No question is raised regarding the jurisdiction of the courts which imposed the fines and costs, and plaintiffs cannot escape the application of this long-settled rule. The case would be otherwise if the statute under which plaintiffs were prosecuted had later been held unconstitutional. This court has been scrupulous to afford some form of collateral attack to a defendant who asserts a substantial denial of his constitutional rights in the proceedings in which he was convicted. (See People v. Meyerowitz (1975), 61 Ill. 2d 200, 205, citing People v. Sarelli (1973), 55 Ill. 2d 169; People v. Warr (1973), 54 Ill. 2d 487; People v. Pier (1972), 51 Ill. 2d 96; People v. Davis (1968), 39 Ill. 2d 325.) There is no claim, however, that the statute authorizing probation in this case (
In the light of DuMontelle, therefore, the trial court that imposed fines upon the present plaintiffs simply misinterpreted the statute. For purposes of res judicata, however, a trial court‘s erroneous construction of a statute is no more vulnerable to collateral attack than any other form of nonconstitutional error. In Chicago Title & Trust Co. v. Mack (1932), 347 Ill. 480, 486, this court noted that “[a]n erroneous decision arising from the misconstruction of a statute does not render the resulting judgment void,” and the court accordingly refused to allow a collateral attack on the judgment. (See also Lord v. Board of Supervisors (1942), 314 Ill. App. 161.) In the context of Federal habeas corpus, a distinguished commentator has noted that “no one supposes that a person who is confined, after a proper trial, may mount a collateral attack because the court has misinterpreted a law of the United States; indeed the Supreme Court has explicitly decided the contrary even where the error was as apparent as could be.” Friendly, Is Innocence Irrelevant? Collateral Attack on Criminal Judgments, 38 U. Chi. L. Rev. 142, 154 (1970), citing Sunal v. Large (1947), 332 U.S. 174, 91 L. Ed. 1982, 67 S. Ct. 1588.

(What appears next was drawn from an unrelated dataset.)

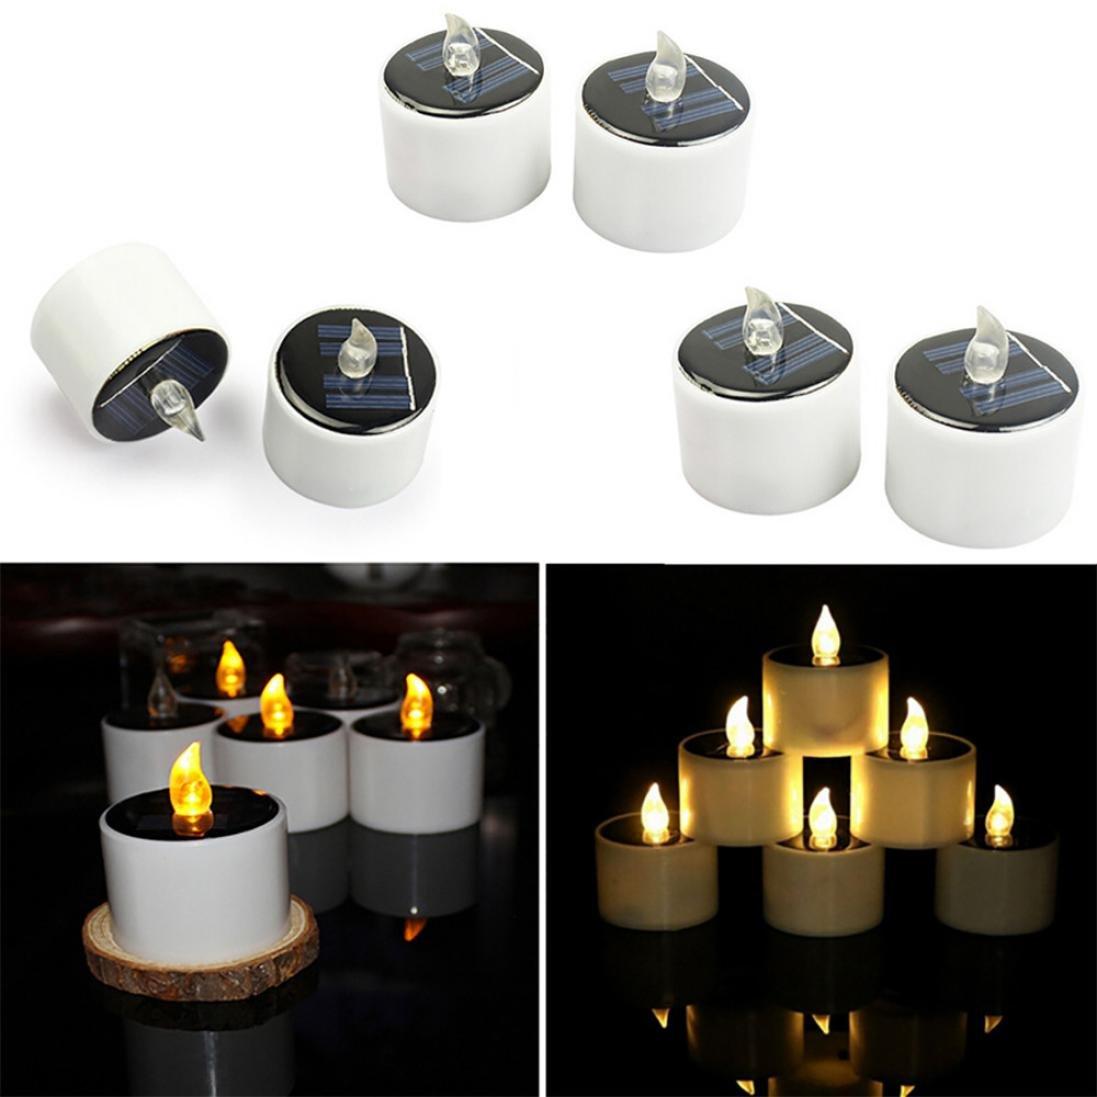 Fheaven (TM) 1PC/6Pcs Solar Powered LED Candles Flameless Electronic Solar LED Tea Lights Lamp for Halloween Christmas wedding,birthday and home Decoration. (6PCS)
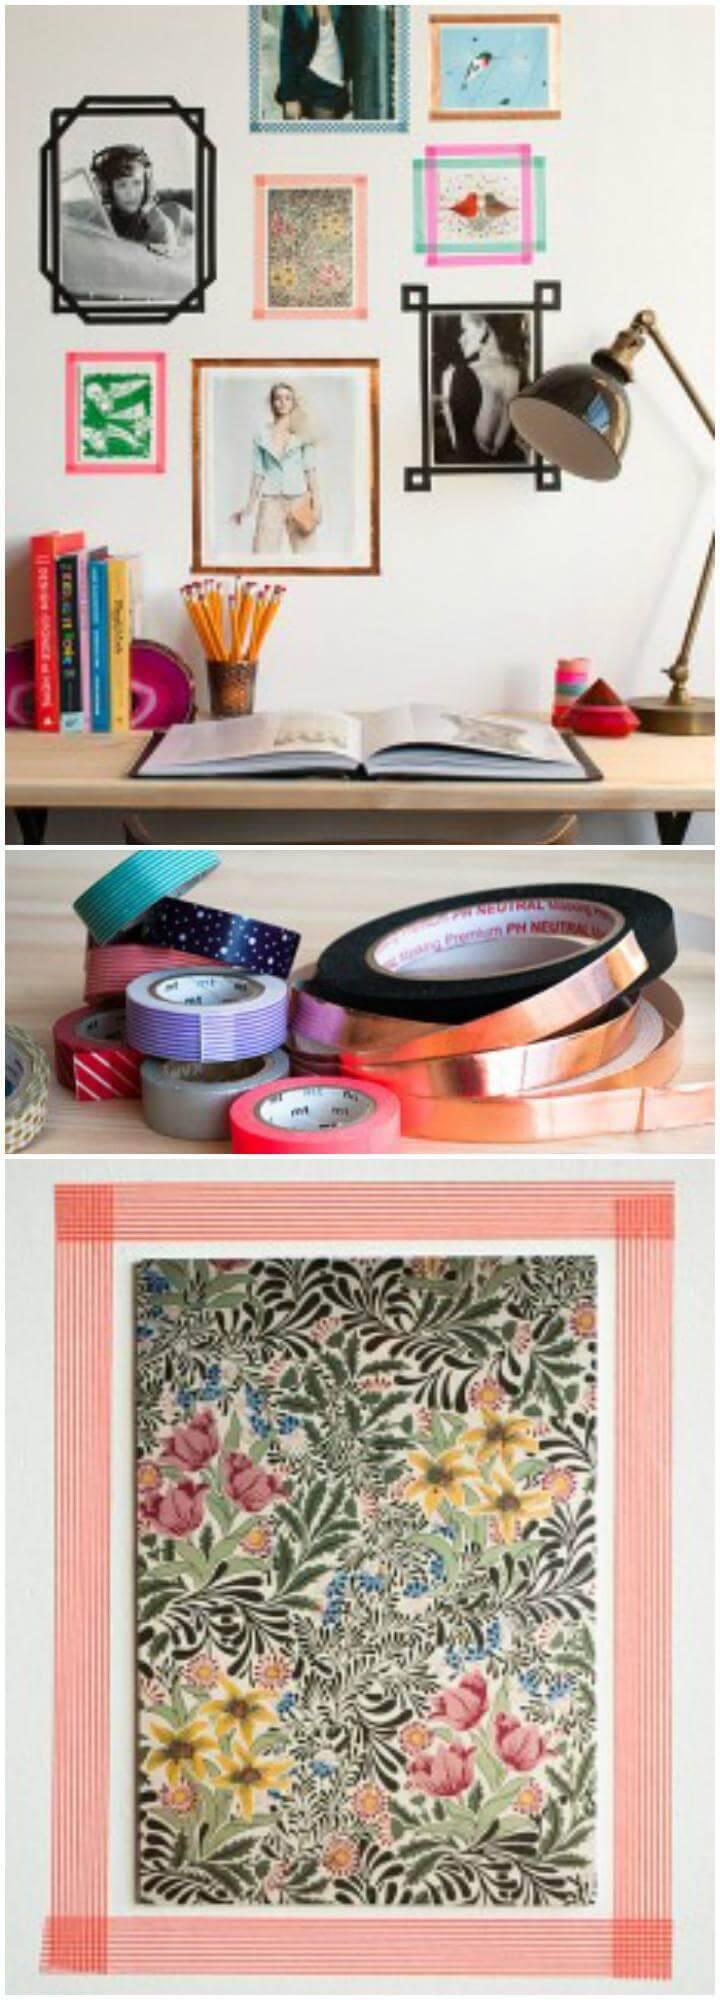 DIY Tape Wall Photo Frames

Plaintiffs here could have objected to the imposition of the fines as a condition of probation. If their objections had been overruled, they could have appealed. Having failed to do so, they have allowed the trial court judgments to become res judicata and cannot now attack them. As Mr. Justice Douglas said in Sunal v. Large (1947), 332 U.S. 174, 182, 91 L. Ed. 1982, 1989, 67 S. Ct. 1588, 1593:
“If defendants who accept the judgment of conviction and do not appeal can later renew their attack on the judgment *** litigation in these criminal cases will be interminable. Wise judicial administration of the *** courts counsels against such course, at least where the error does not trench on any constitutional rights of defendants nor involve the jurisdiction of the trial court.”
I would affirm the judgment of the circuit court dismissing the complaints.
MR. CHIEF JUSTICE GOLDENHERSH joins in this dissent.